我有一个嵌套的源 json 文件,其中包含一个结构数组。结构的数量因行而异,我想使用 Spark (scala) 从结构的键/值动态创建新的数据帧列,其中键是列名,值是列值。< /p>
{"key1":{"key2":{"key3":"AK","key4":"EU","key5":{"key6":"001","key7":"N","values":[{"name":"valuesColumn1","value":"9.876"},{"name":"valuesColumn2","value":"1.2345"},{"name":"valuesColumn3","value":"8.675309"}]}}}}
scala> val df = spark.read.json("file:///tmp/nested_test.json")
root
|-- key1: struct (nullable = true)
| |-- key2: struct (nullable = true)
| | |-- key3: string (nullable = true)
| | |-- key4: string (nullable = true)
| | |-- key5: struct (nullable = true)
| | | |-- key6: string (nullable = true)
| | | |-- key7: string (nullable = true)
| | | |-- values: array (nullable = true)
| | | | |-- element: struct (containsNull = true)
| | | | | |-- name: string (nullable = true)
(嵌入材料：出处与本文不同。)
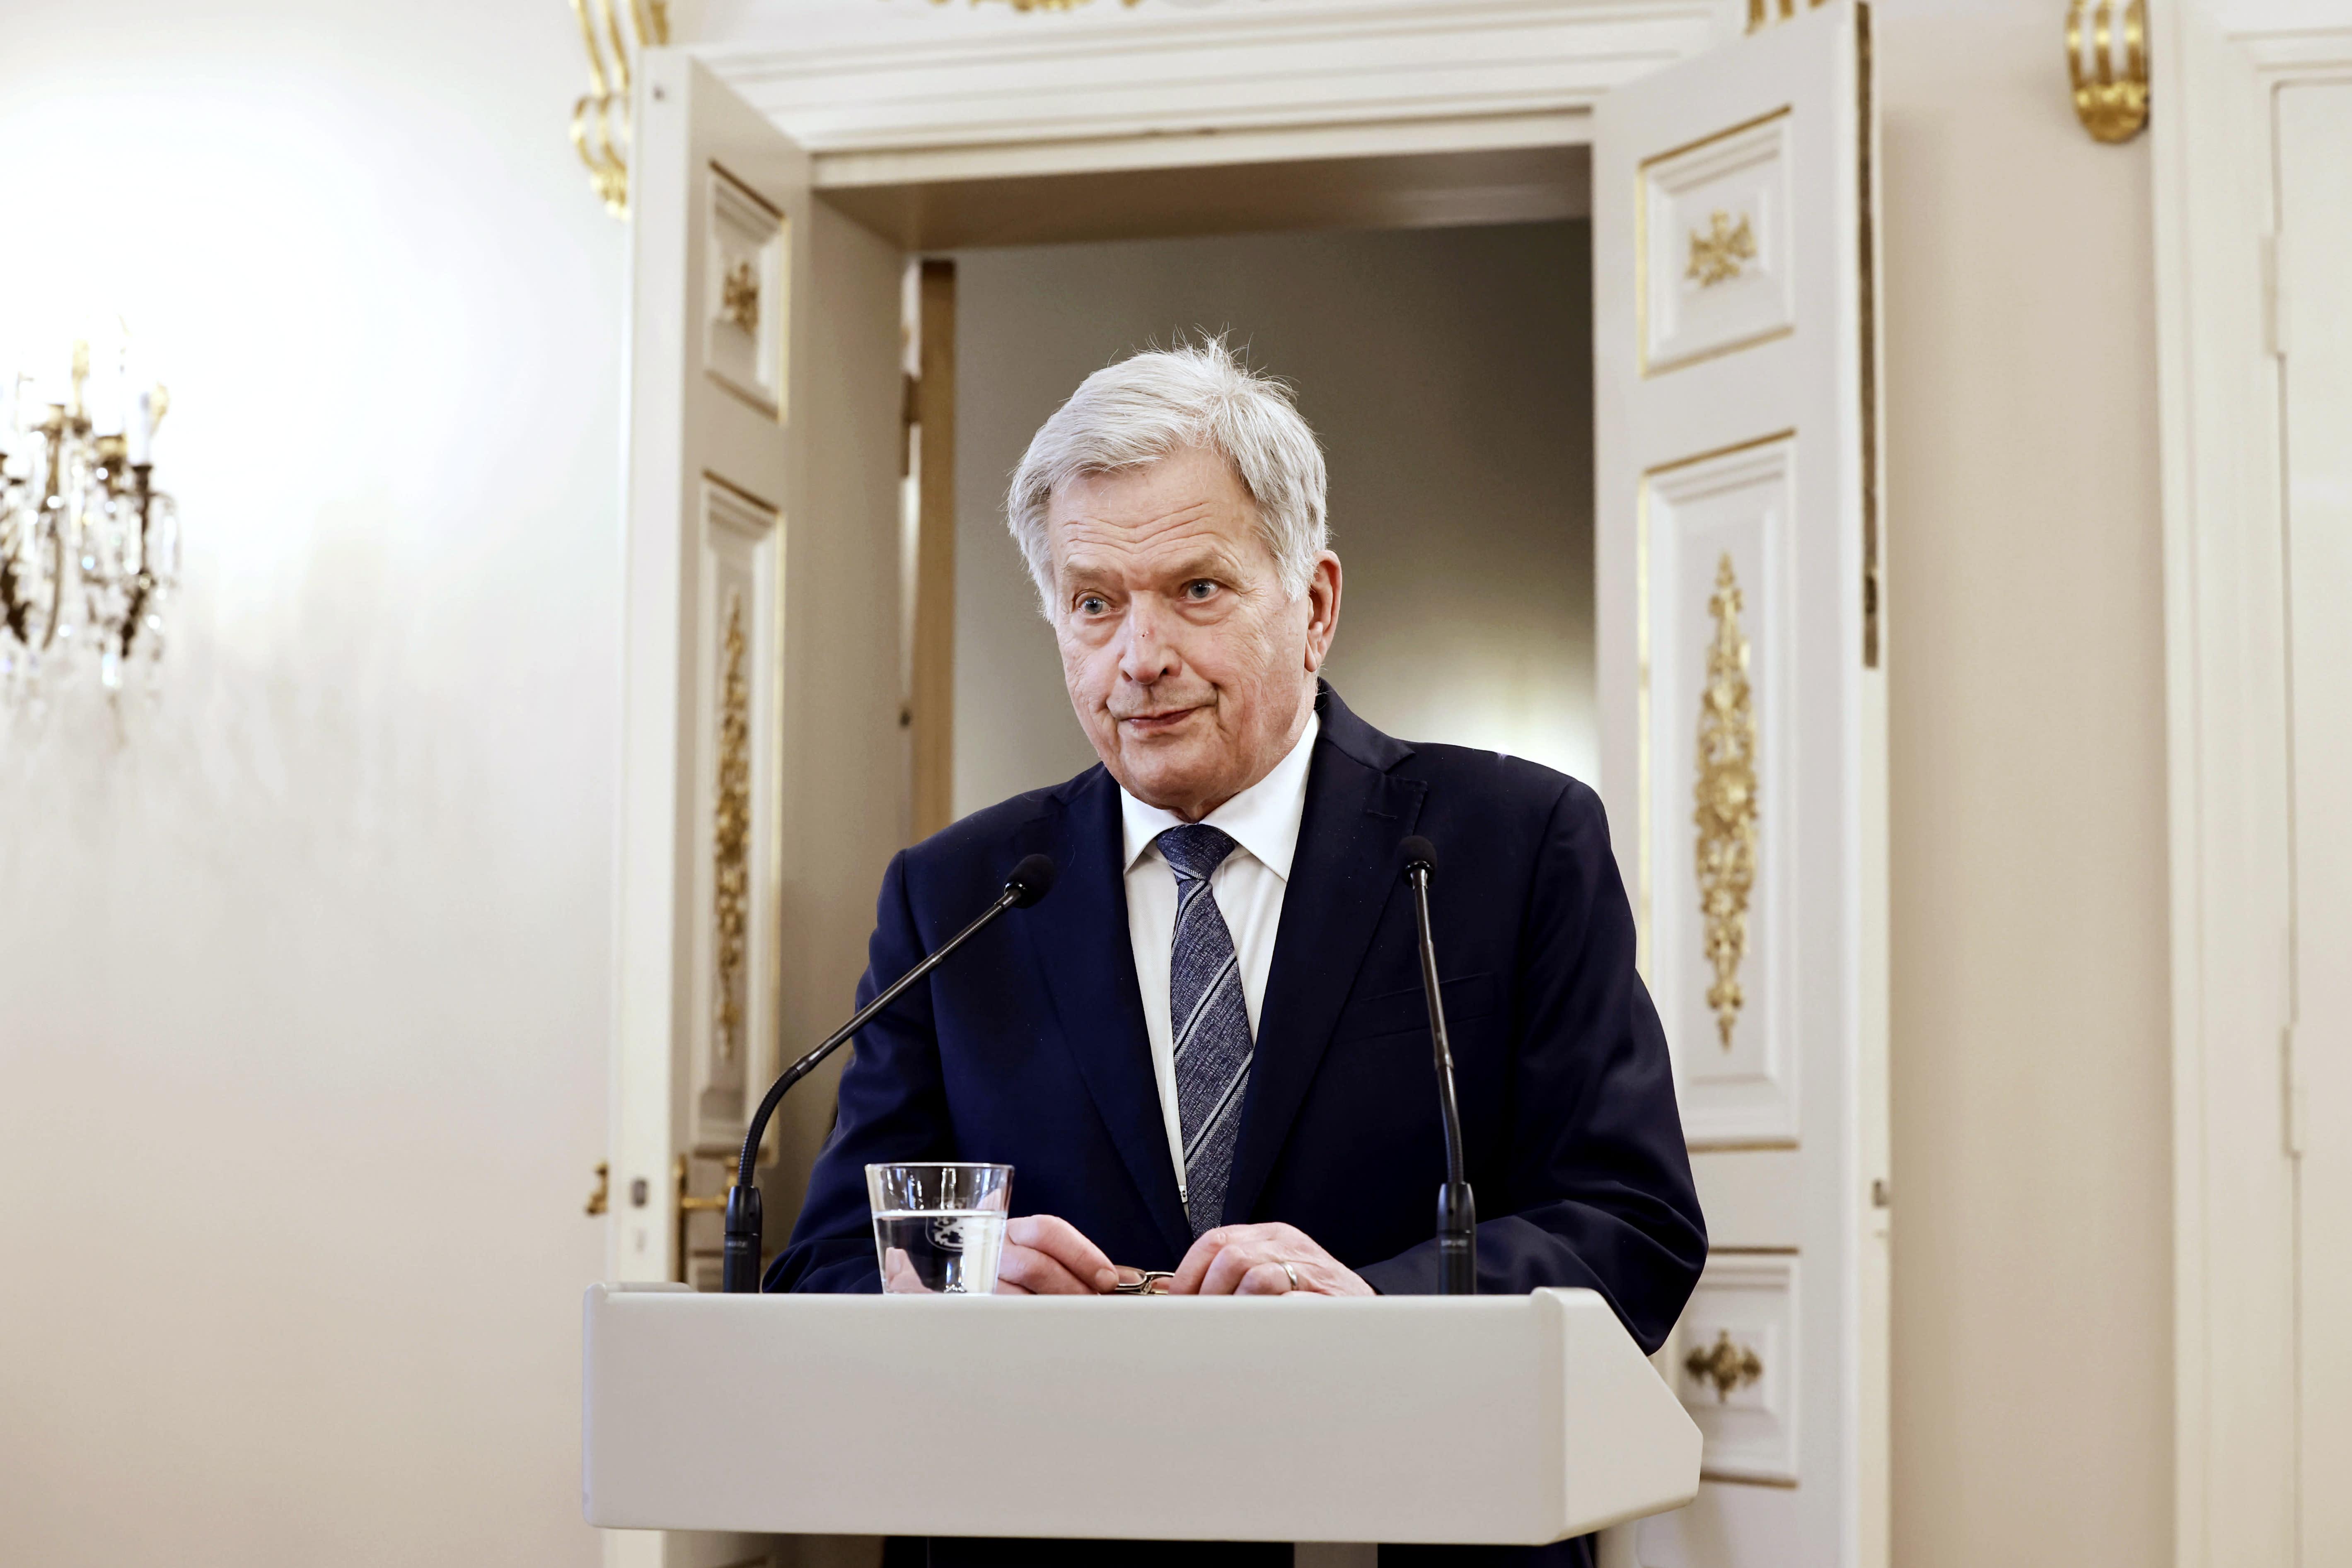 President Niinistö ends his 12-year term with the last press conference as Finland's head of state
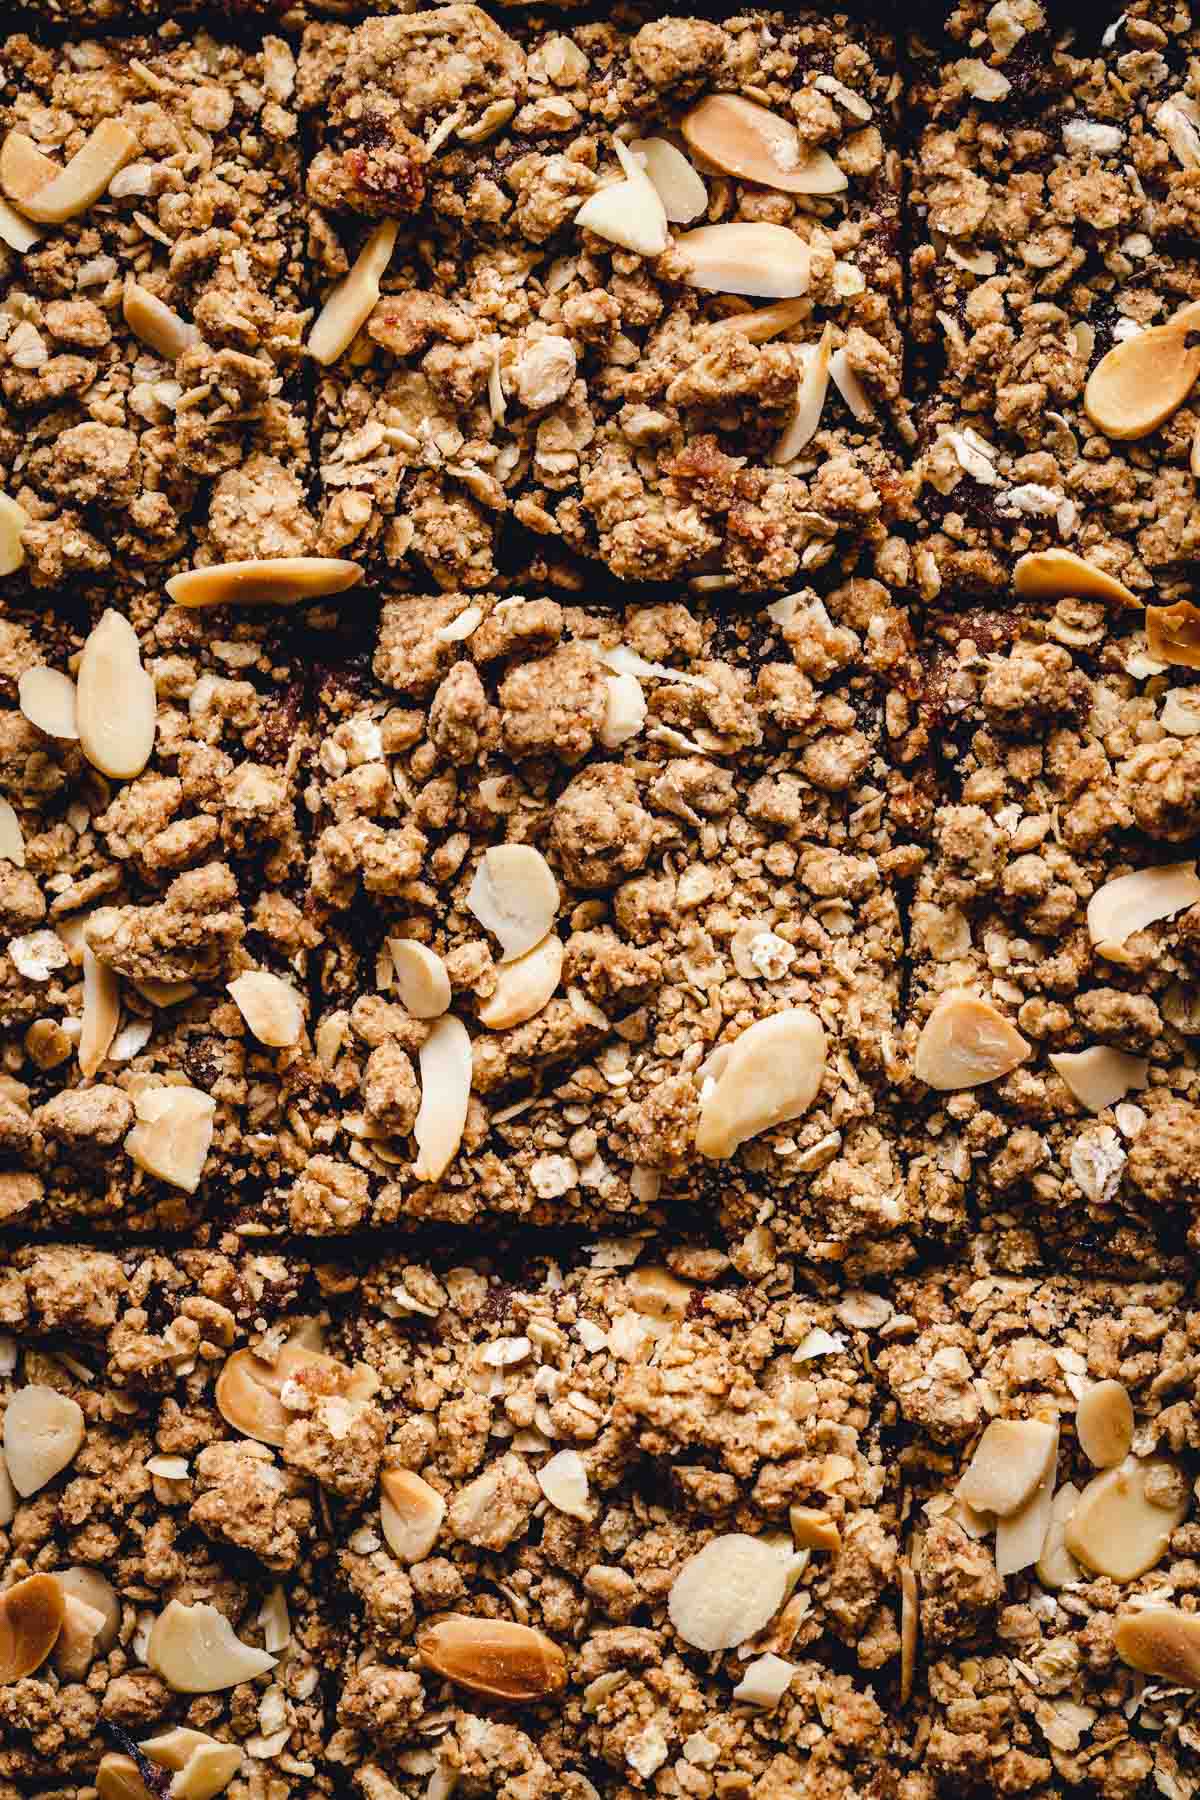 A close-up image of the oat crumble topping slices.

| | | | | |-- value: string (nullable = true)
df.select(
($"key1.key2.key3").as("key3"),
($"key1.key2.key4").as("key4"),
($"key1.key2.key5.key6").as("key6"),
($"key1.key2.key5.key7").as("key7"),
($"key1.key2.key5.values").as("values")).
show(truncate=false)
+----+----+----+----+----------------------------------------------------------------------------+
|key3|key4|key6|key7|values |
+----+----+----+----+----------------------------------------------------------------------------+
|AK |EU |001 |N |[[valuesColumn1, 9.876], [valuesColumn2, 1.2345], [valuesColumn3, 8.675309]]|
+----+----+----+----+----------------------------------------------------------------------------+
这里有一个包含 3 个结构体的数组,但是这 3 个结构体需要动态地溢出到 3 个单独的列中(3 个的数量可能相差很大),我不知道该怎么做。
请注意,为 values
数组中的每个数组元素生成了 3 个新列。
+----+----+----+----+-----------------------------------------+
|key3|key4|key6|key7|valuesColumn1|valuesColumn2|valuesColumn3|
+----+----+----+----+-----------------------------------------+
|AK |EU |001 |N |9.876 |1.2345 |8.675309 |
+----+----+----+----+-----------------------------------------+
我认为所需的解决方案是 something similar to what was discussed in this SO post,但有两个主要区别:
name
列驱动,列值需要由 value
驱动。...
| | | | |-- element: struct (containsNull = true)
| | | | | |-- name: string (nullable = true)
| | | | | |-- value: string (nullable = true)
答案 0 :(得分:1)
你可以这样做:
val sac = new SparkContext("local[*]", " first Program");
val sqlc = new SQLContext(sac);
import sqlc.implicits._;
import org.apache.spark.sql.functions.split
import scala.math._
import org.apache.spark.sql.types._
import org.apache.spark.sql.functions._
import org.apache.spark.sql.functions.{ min, max }
val json = """{"key1":{"key2":{"key3":"AK","key4":"EU","key5":{"key6":"001","key7":"N","values":[{"name":"valuesColumn1","value":"9.876"},{"name":"valuesColumn2","value":"1.2345"},{"name":"valuesColumn3","value":"8.675309"}]}}}}"""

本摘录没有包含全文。